SANS BLOCKADE POLL MANIFESTO: POLITICS OF SILENCE

This article was published by the Sangai Express ( http://thesangaiexpress.com) on 21 Jan 2011 at http://www.thesangaiexpress.com/sangai-express-news.php?newsid=12499

In the 2007 Assembly election, the Congress maintained a stoic silence on the Armed Forces Special Powers Act and swept the polls, brushing aside the challenges of other political parties which had promised to lift the said Act, with certain riders. Learn from the past, is probably one dictum which the Congress sincerely believes in for there is just no other comprehensible reason for its silence on blockades in its election manifesto released with all the accompanying hoopla, topped up with a long list of its ‘achievements’ serving as the preamble, on January 19. In as much as election manifestoes are important for their contents for it is a public document promising what it will do if voted to power (We believe that it is equally important even if the party is not voted to power), it also stands that its silence on any issue of public importance is equally important. The politics of blockade has already taken a heavy toll, not only on the material well being of the people but also on their psyche, which in turn has spawned a deep social and political divide. This is a challenge to the very notion and idea of a Manipur as a social and political entity and the reason why the Congress has deemed it fit to maintain a deafening silence on this very crucial matter conveys some significant meaning. For one, it is an extension of the utter indifference demonstrated by the Congress led dispensation at New Delhi, even as the lifelines of the people here were choked for over 100 days. It was the price of the innocuous Onion that brought down a Government at Delhi some years back, but here we are talking about life saving drugs and medical oxygen, without which life saving surgical operations would not be possible. Or is it a case of the Congress coming under the impression that keeping silent on this issue is the best part of the politics of blockade ? Silence may have its benefits, but not when it comes to the formulation of policies and programmes, especially when it is on something as crucial as economic blockade and not when it has been a case of all the marathon blockades coming under the rule of the Congress led Government, both at Delhi and Imphal. UPA I led by the Congress came to power in 2004 at Delhi and SPF I led by the Congress came to power in 2002 at Imphal.

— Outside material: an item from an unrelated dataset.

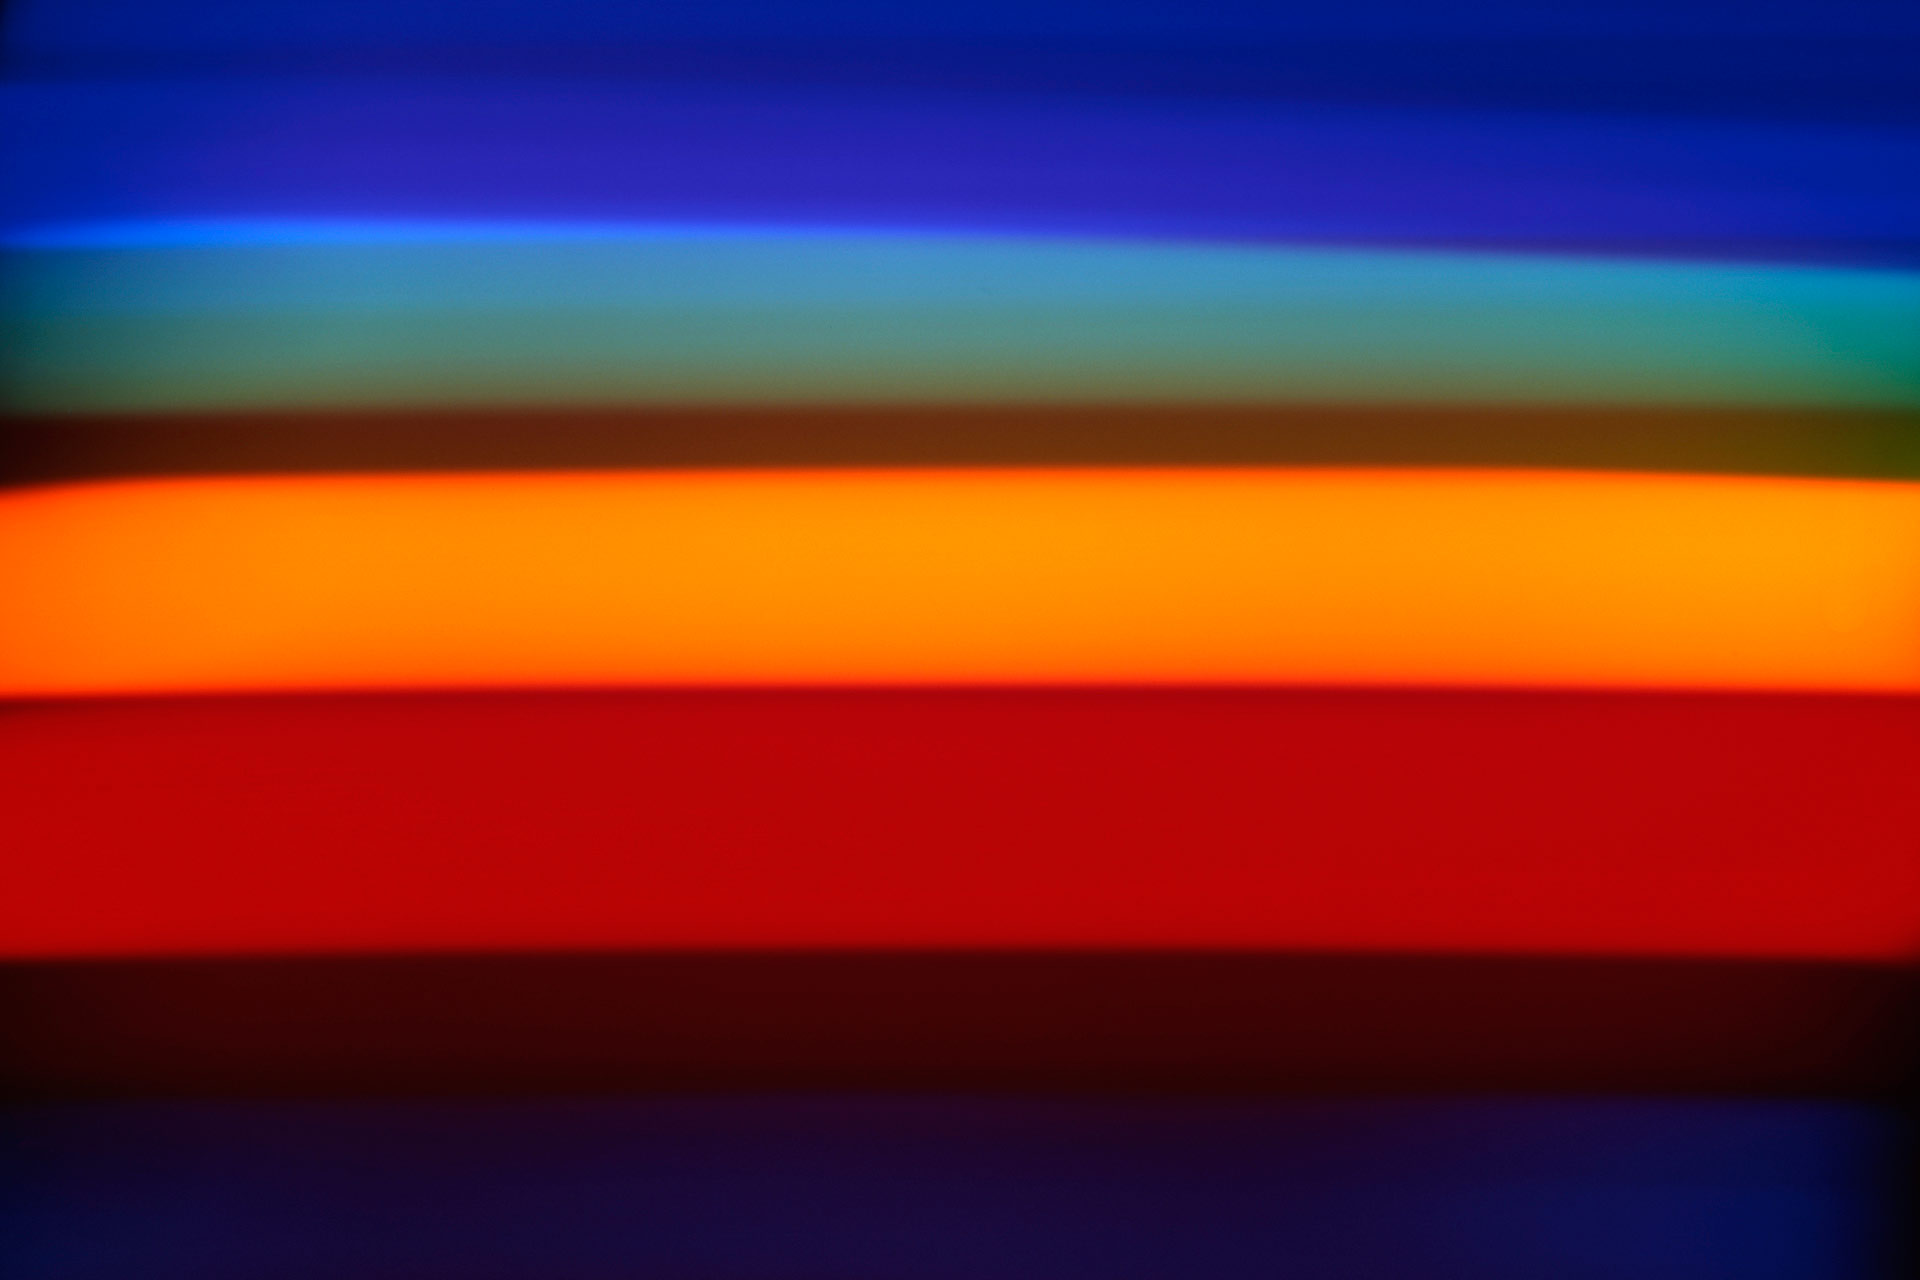 Emission Spectrum of Helium #1, 2011

 In 2005, the State reeled under the impact of the first marathonesque economic blockade which came in the form of the 52 days National Highways cut off against the decision of the State Government to declare June 18 of that year a general holiday as well as to observe the day as Integrity Day. This was followed by the more than 60 days economic blockade in 2010 imposed by the United Naga Council and backed by the All Naga Students' Association, Manipur ostensibly against the decision of the State Government to go ahead with the election to the Autonomous District Councils under the 2008 Amendment but with the shadow of the ‘Bar the entry of Muivah’ to Manipur stand. In 2011 the 121 days of economic blockade followed concurrently on the demand to upgrade Sadar Hills to the status of a full fledged district called by the Sadar Hills Districthood Demand Committee and the Counter-Blockade called by the United Naga Council against what it termed the designs of the State Government to carve out the ancestral lands of the Nagas to create Sadar Hills district. The overnight queues at petrol pumps, the Rs 80 or Rs 90 per Kg of Onion, the Rs 45 to Rs 50 per Kg of potato, the Rs 2000 per filled LPG cylinder in the black market, the Rs 200 per litre of petrol in the black market, in short the escalating prices of all essential commodities took a heavy toll on the people cutting across community lines. On the other hand it also meant substantially lining up the pockets of the fuel cartel and boosting the black marketeers. This is too significant to be missed. It affected the hills and the valley areas and while the impact on the material well being of the people was the most vocal and pronounced, the scar it left on the psyche of the people and the deepening of the social divide is what is more dangerous. The Congress however thinks this is not important enough for the people. A case of arrogance borne out of being in power for ten consecutive years or a case of taking the beaten path of the 2007 election when it swept the polls despite remaining quiet on AFSPA ? Remaining quiet on AFSPA in a sense reflects where the Congress had human rights on its list of priority and the July 23, 2009 BT Road incident is an apt testimony. Either way, it does not augur well for the land and the people.